Течение несло их все быстрее. Лодку швыряло из стороны в сторону, и несколько раз им с трудом удалось избежать столкновения с отвесной стеной, поросшей хилым кустарником. Гребцы изо всех сил работали веслами, стараясь удержать каноэ на середине потока.
— «Fugio ab insula opes usus venti carmeni», — подсказал Билли. — «Беги на мой остров сокровищ на музыке ветров», — перевел он.
— Нет, — покачал головой туземец, — перевод неправильный.
— Вы-то откуда знаете? — огрызнулся Билли.
— Это из «Одиссеи» Гомера, — спокойно ответил тот. — Когда я учился в Англии, меня заставляли переводить целые главы в наказание за пропуск уроков. — Он негромко рассмеялся. — А эта цитата относится к Цирцее и ее острову. Кстати, некоторые ученые считают, что этот образ Гомер заимствовал из восточного эпоса о Гильгамеше, а там герой для побега с острова использует тоннель, по которому солнце поднимается на небо.

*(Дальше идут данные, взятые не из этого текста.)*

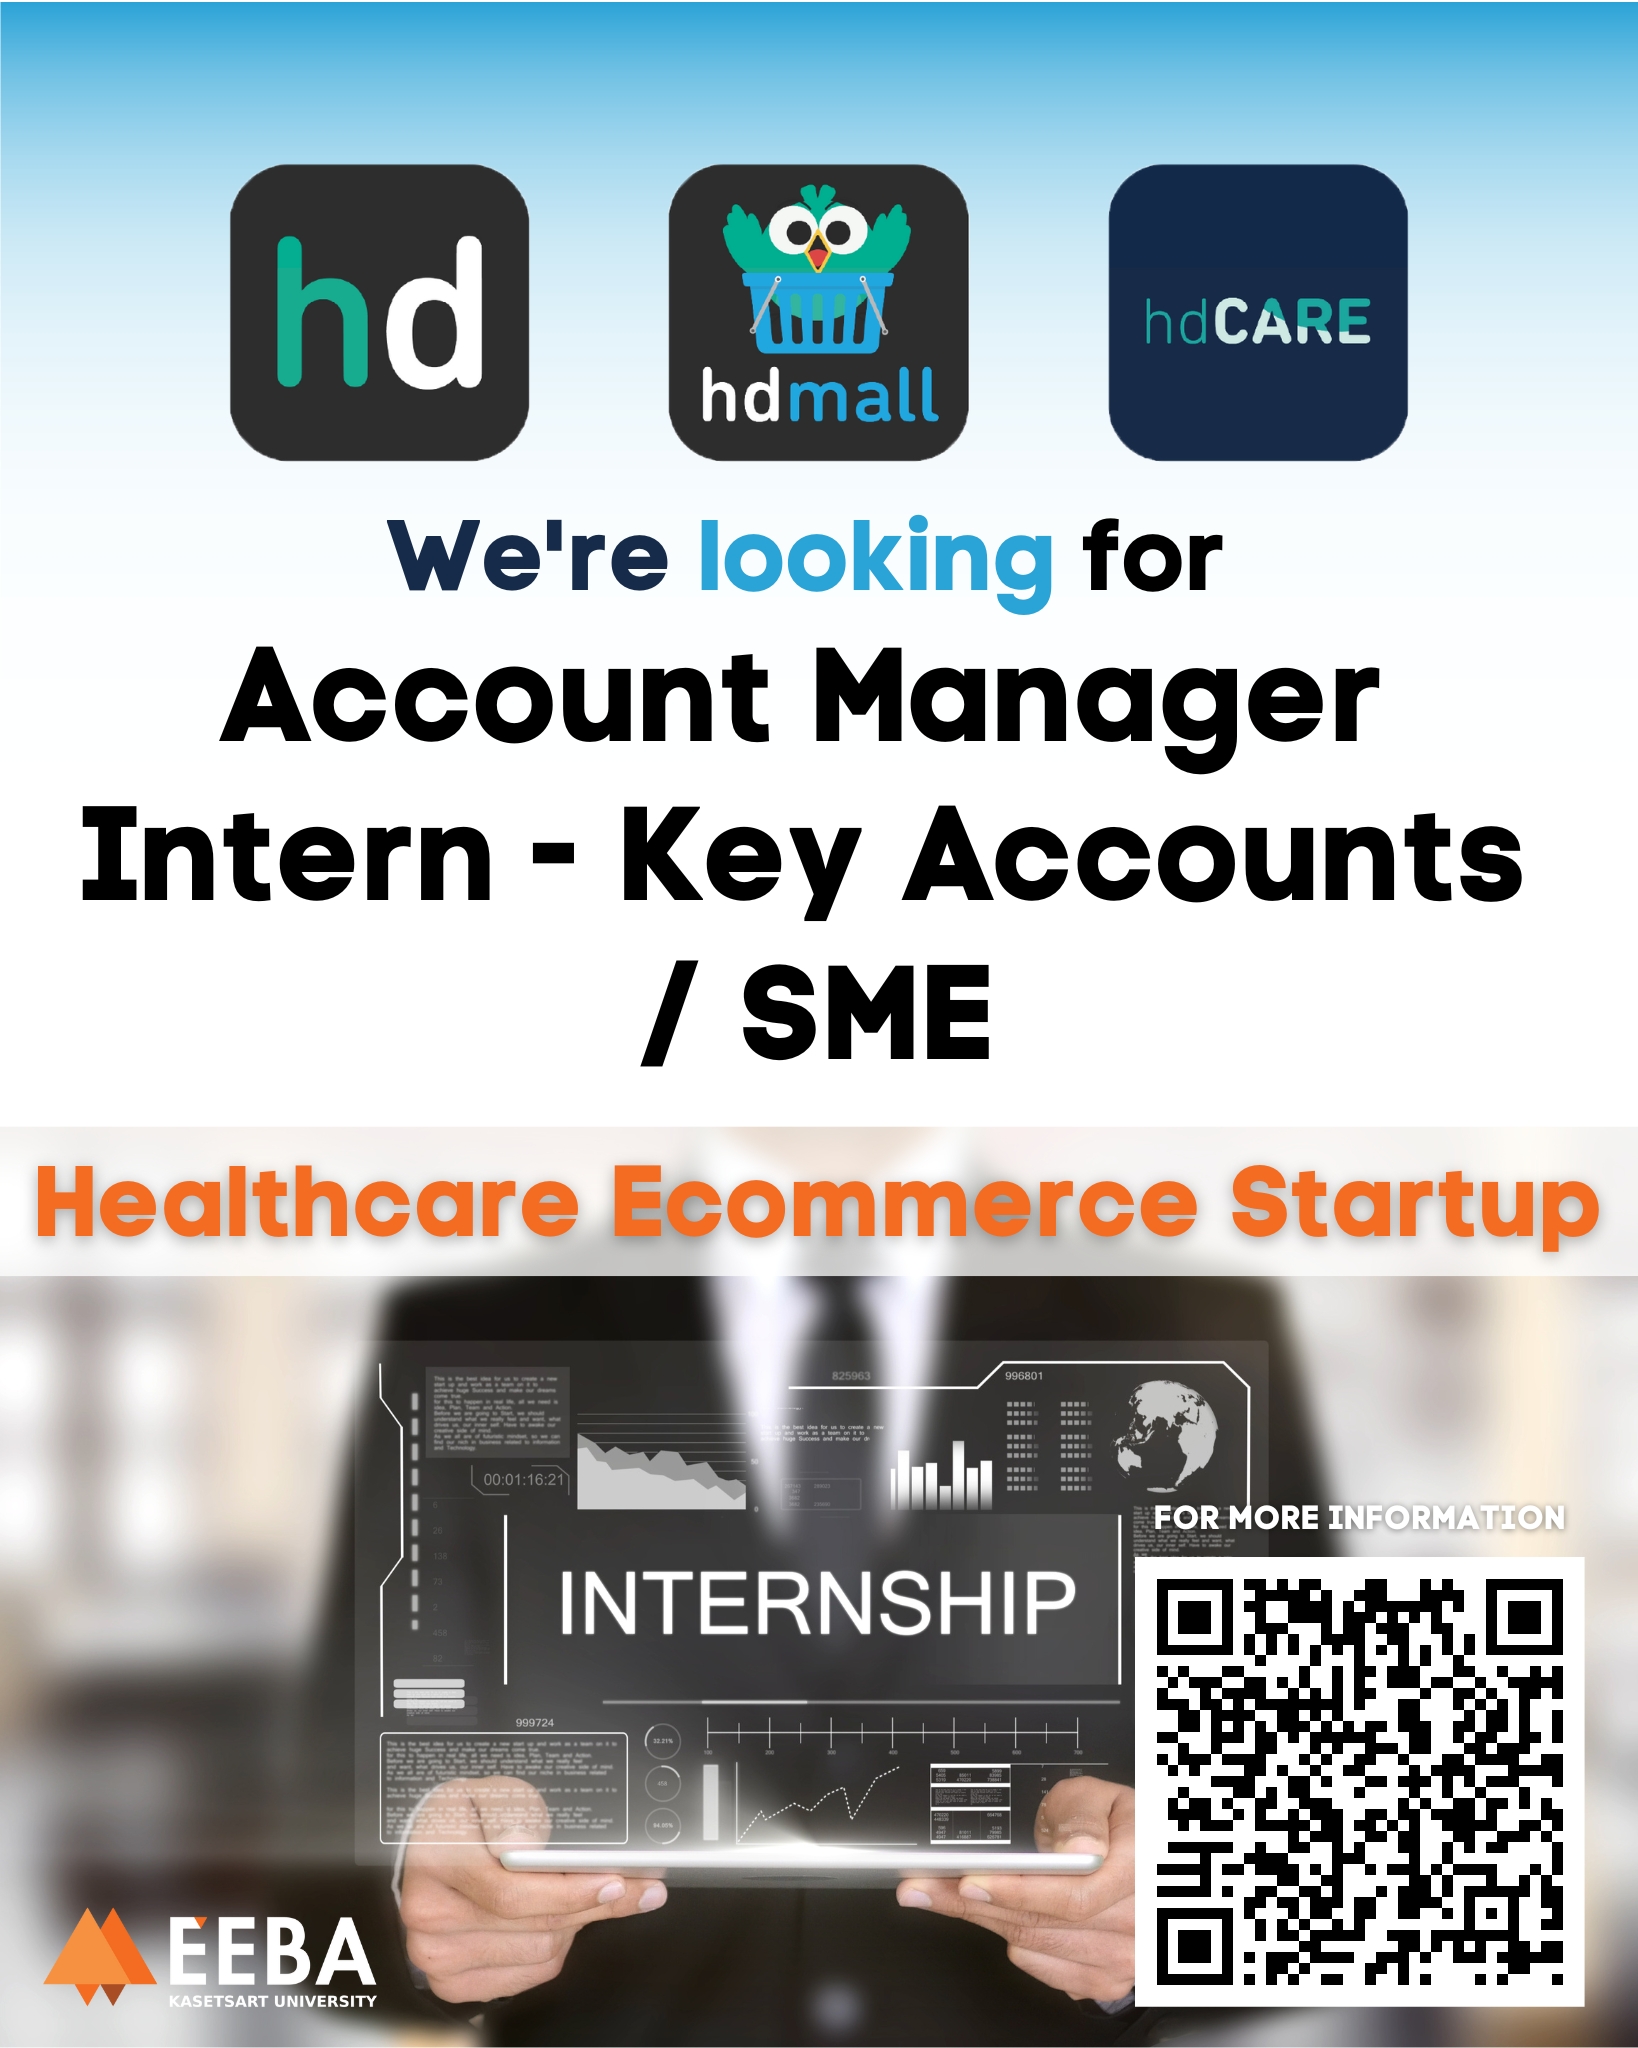 HD is looking for Account Manager Intern – Key Accounts/ SME

— Ну и как вы сами переведете эту фразу? — с досадой спросил Билли.
— «Беги с моего острова сокровищ на музыке ветров». Предлог «ab» означает «из» или «с», а не «на». — Он пожал плечами. — И по смыслу нам это больше подходит.

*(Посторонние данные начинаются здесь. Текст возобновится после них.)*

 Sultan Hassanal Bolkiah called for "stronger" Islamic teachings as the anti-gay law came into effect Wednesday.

— Знаете, он ведь прав, — вмешался Уинчестер. — Я имею в виду перевод. Сам когда-то изучал Гомера. «Virtutem paret doctrina» и так далее. «Пусть образование откроет нам путь к совершенству». Закончил Скотс-колледж, видите ли.
— Мне остается только признать свое невежество, — шутливо поклонился Билли.
— А здесь есть подобное место? — спросила Финн, обращаясь к Уинчестеру.
— Какое «подобное»? — не понял тот.
— Тоннель, откуда восходит солнце. И что-то связанное с ветром. С музыкой. Я не знаю!
Она беспомощно развела руками. Все это звучало довольно бессмысленно.
В этот момент похожее на фьорд ущелье внезапно закончилось, и их вынесло в большую, безупречно круглую лагуну, которая когда-то давно была пылающим сердцем вулкана.
— Вообще-то я видел здесь одну пещеру, еще в первый год жизни на острове, — заговорил профессор. — Тогда я об этом особо не задумался. Думаю, это была так называемая сквозная раковина.
— Сквозная раковина? — прищурился Максевени. — В море я таких что-то не встречал.
— Такие пустоты остаются после извержения вулкана, — объяснил Уинчестер. — Своего рода вентиляционный тоннель.
Он замер с веслом в руках, пристально глядя куда-то вверх, на дальнюю стенку огромной Чаши, тонущую в утреннем тумане.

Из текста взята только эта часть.